◆ Task details ◆
Every line below is to be copied exactly, with the pictures left out.

◆ Given data ◆
○ ○ ○ ○
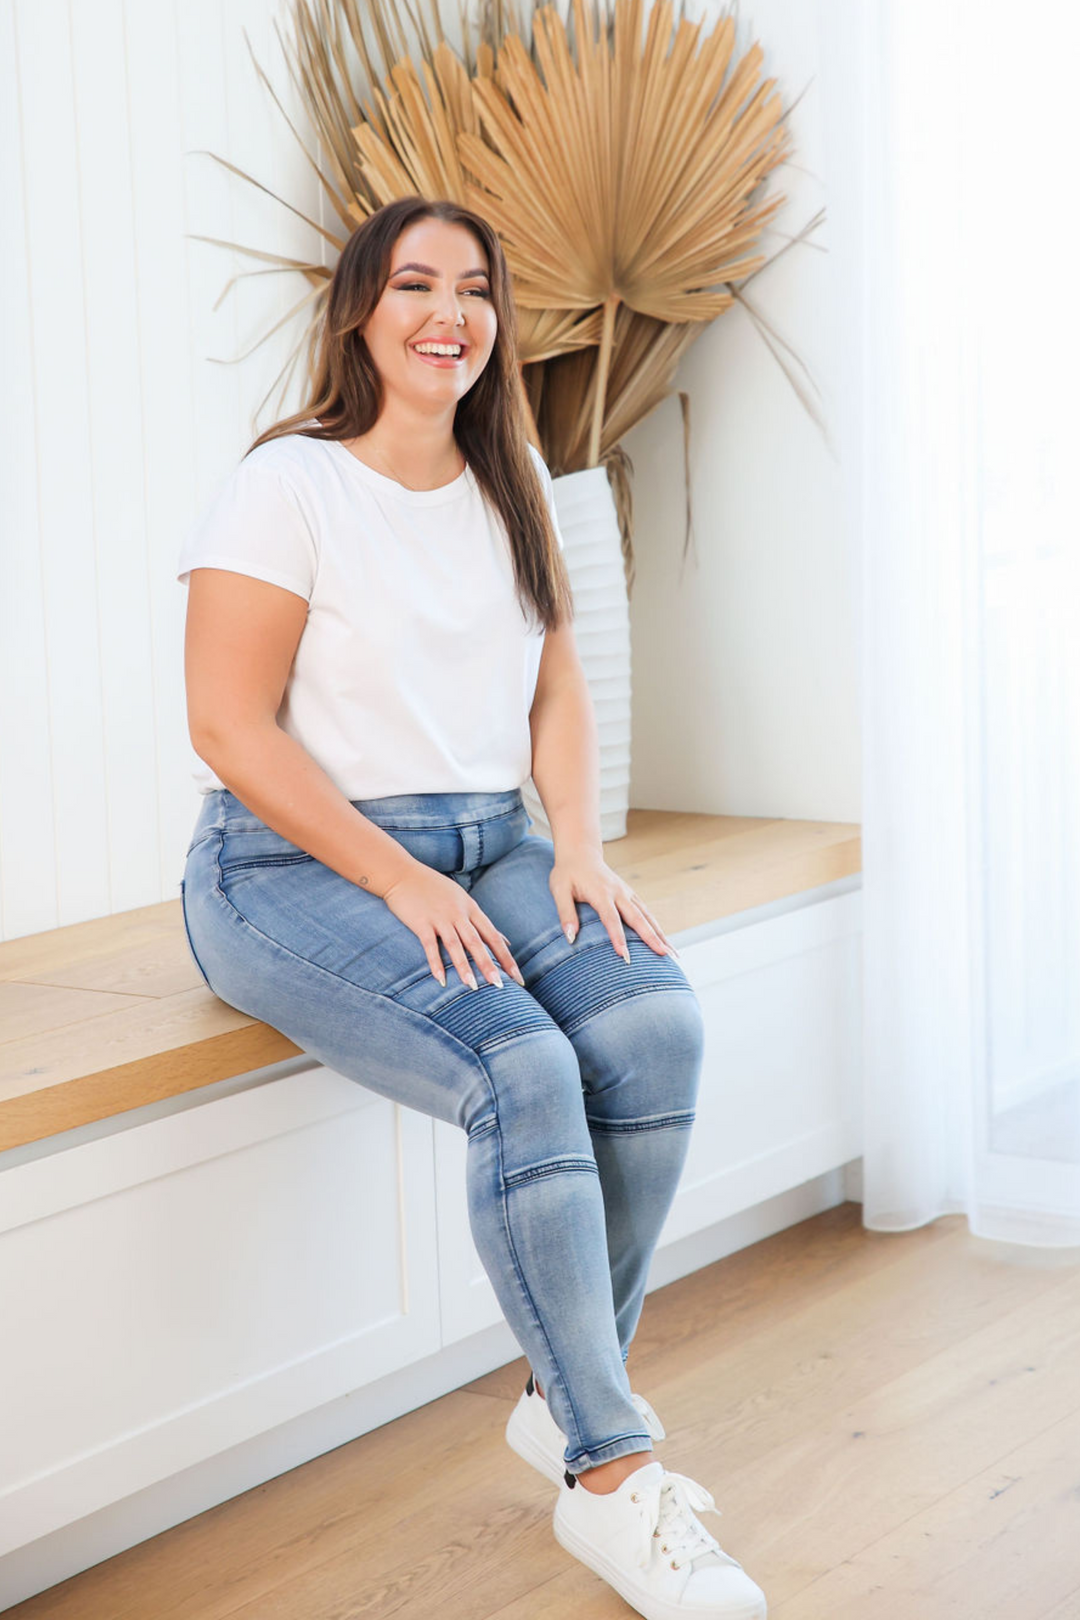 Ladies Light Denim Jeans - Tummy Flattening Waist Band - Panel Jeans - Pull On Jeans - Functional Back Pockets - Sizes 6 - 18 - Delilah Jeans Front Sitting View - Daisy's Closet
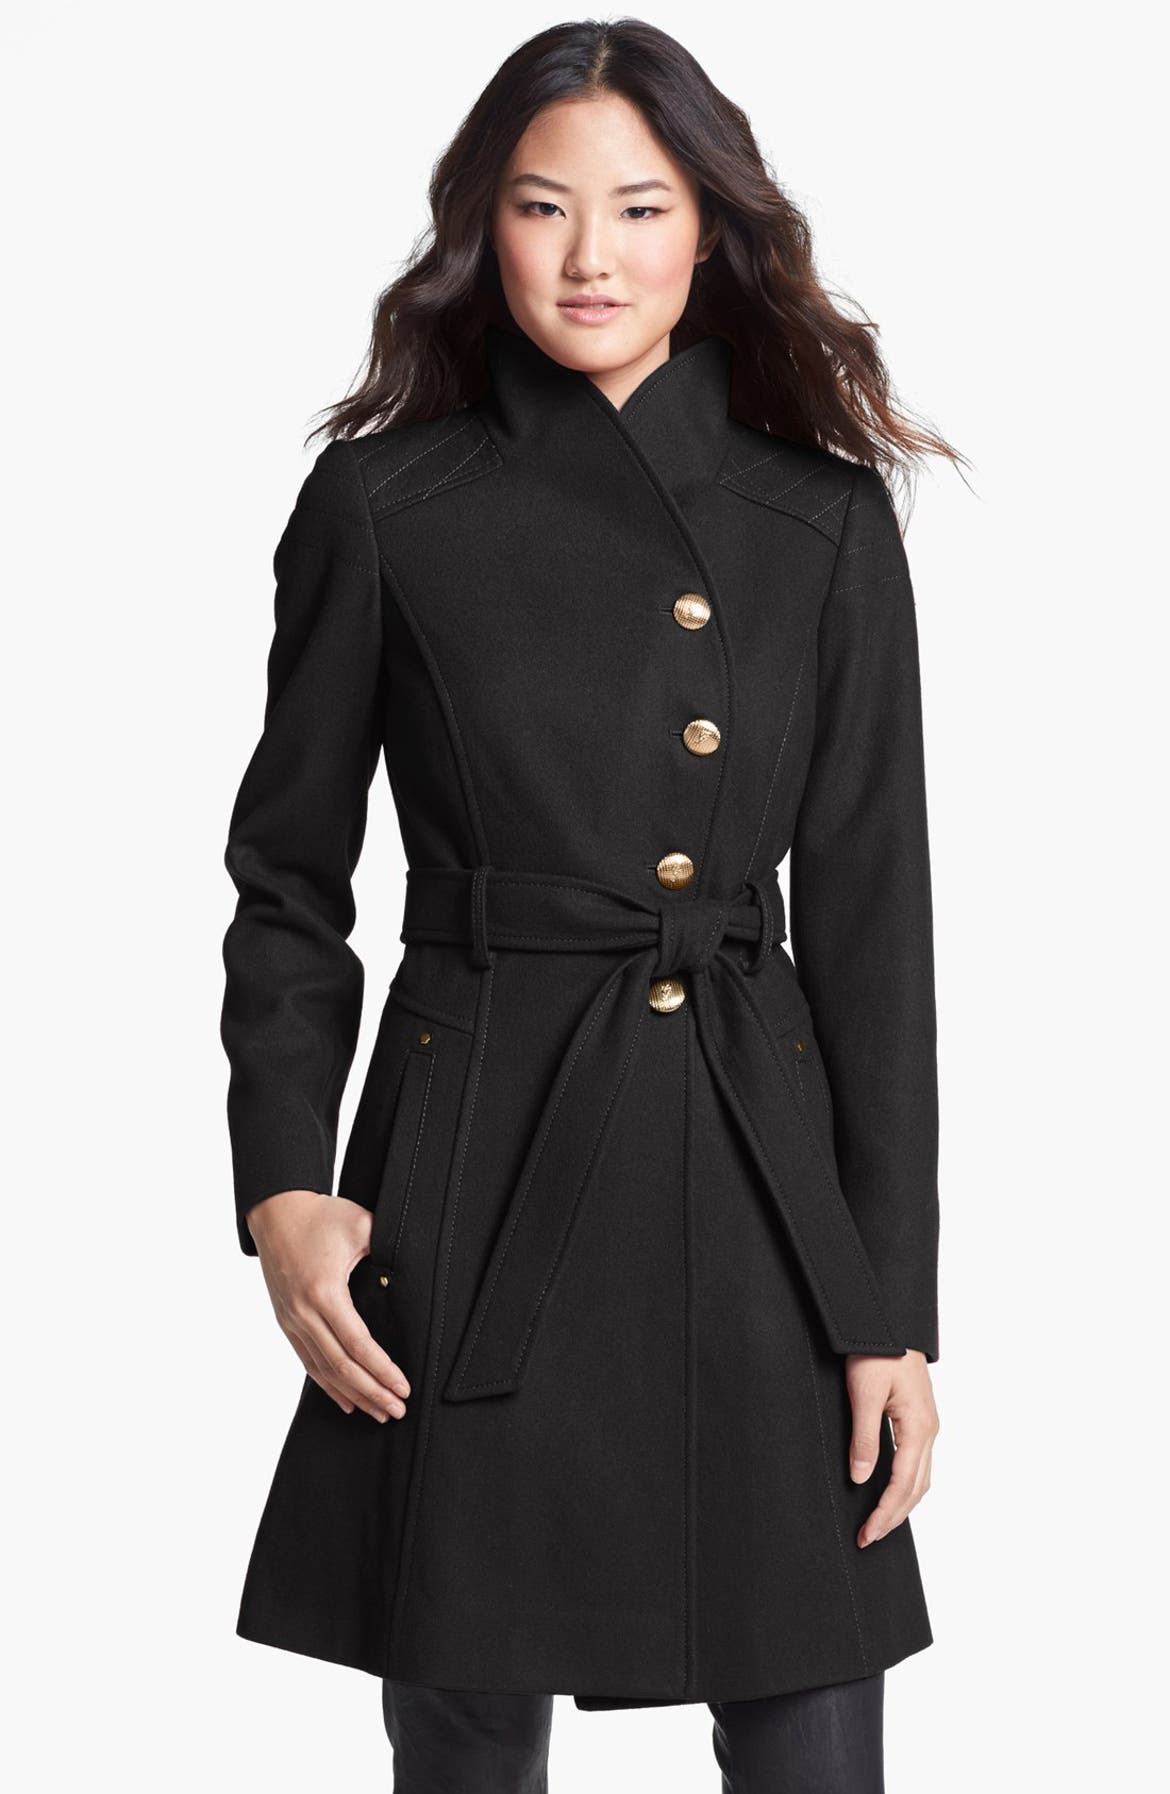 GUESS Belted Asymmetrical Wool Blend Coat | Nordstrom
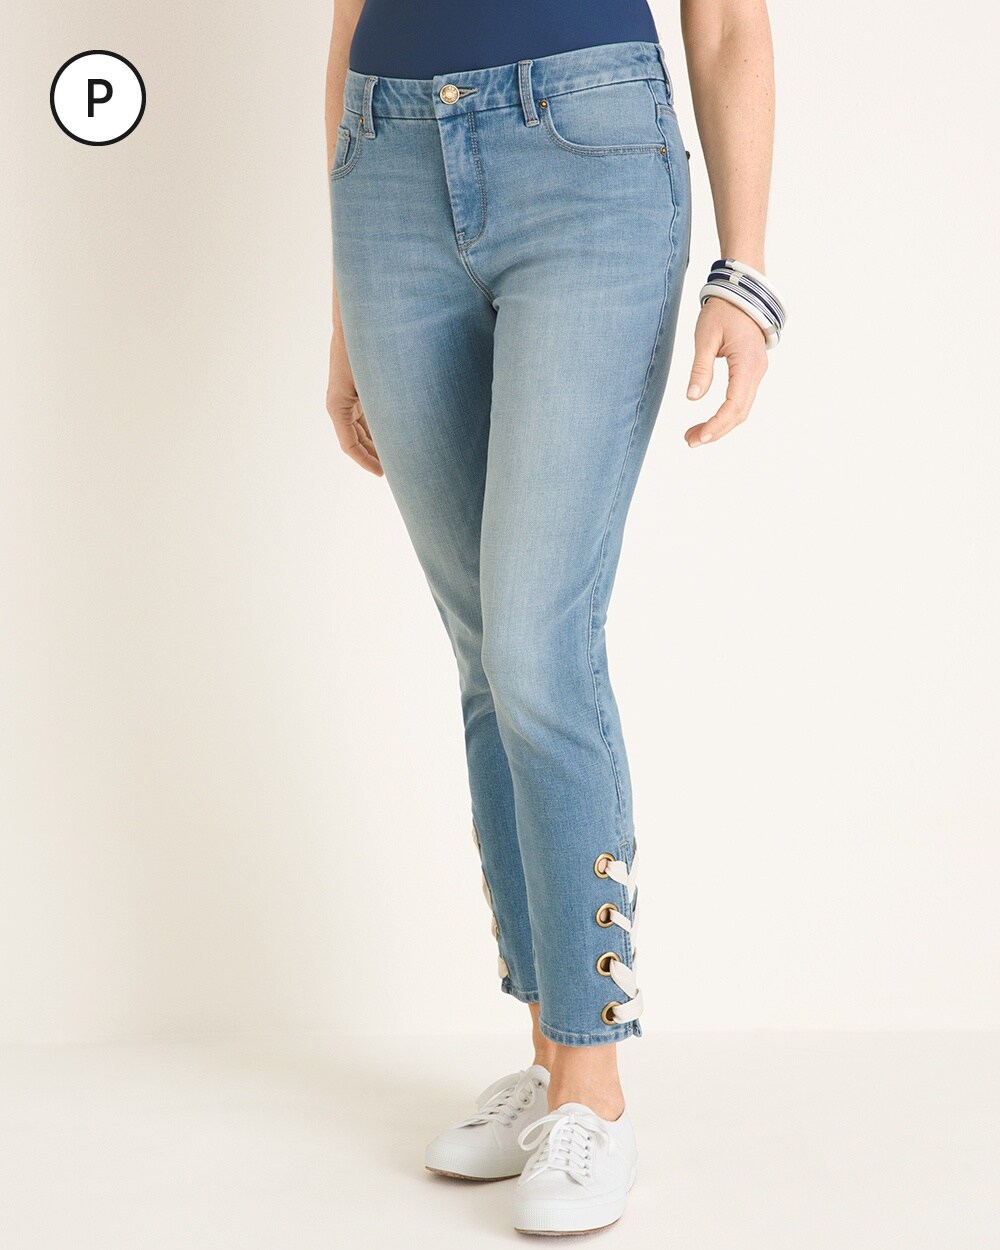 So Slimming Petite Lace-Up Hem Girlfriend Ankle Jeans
○ ○ ○ ○
◆ Result of the exercise ◆
 Ladies Light Denim Jeans - Tummy Flattening Waist Band - Panel Jeans - Pull On Jeans - Functional Back Pockets - Sizes 6 - 18 - Delilah Jeans Front Sitting View - Daisy's Closet
 GUESS Belted Asymmetrical Wool Blend Coat | Nordstrom
 So Slimming Petite Lace-Up Hem Girlfriend Ankle Jeans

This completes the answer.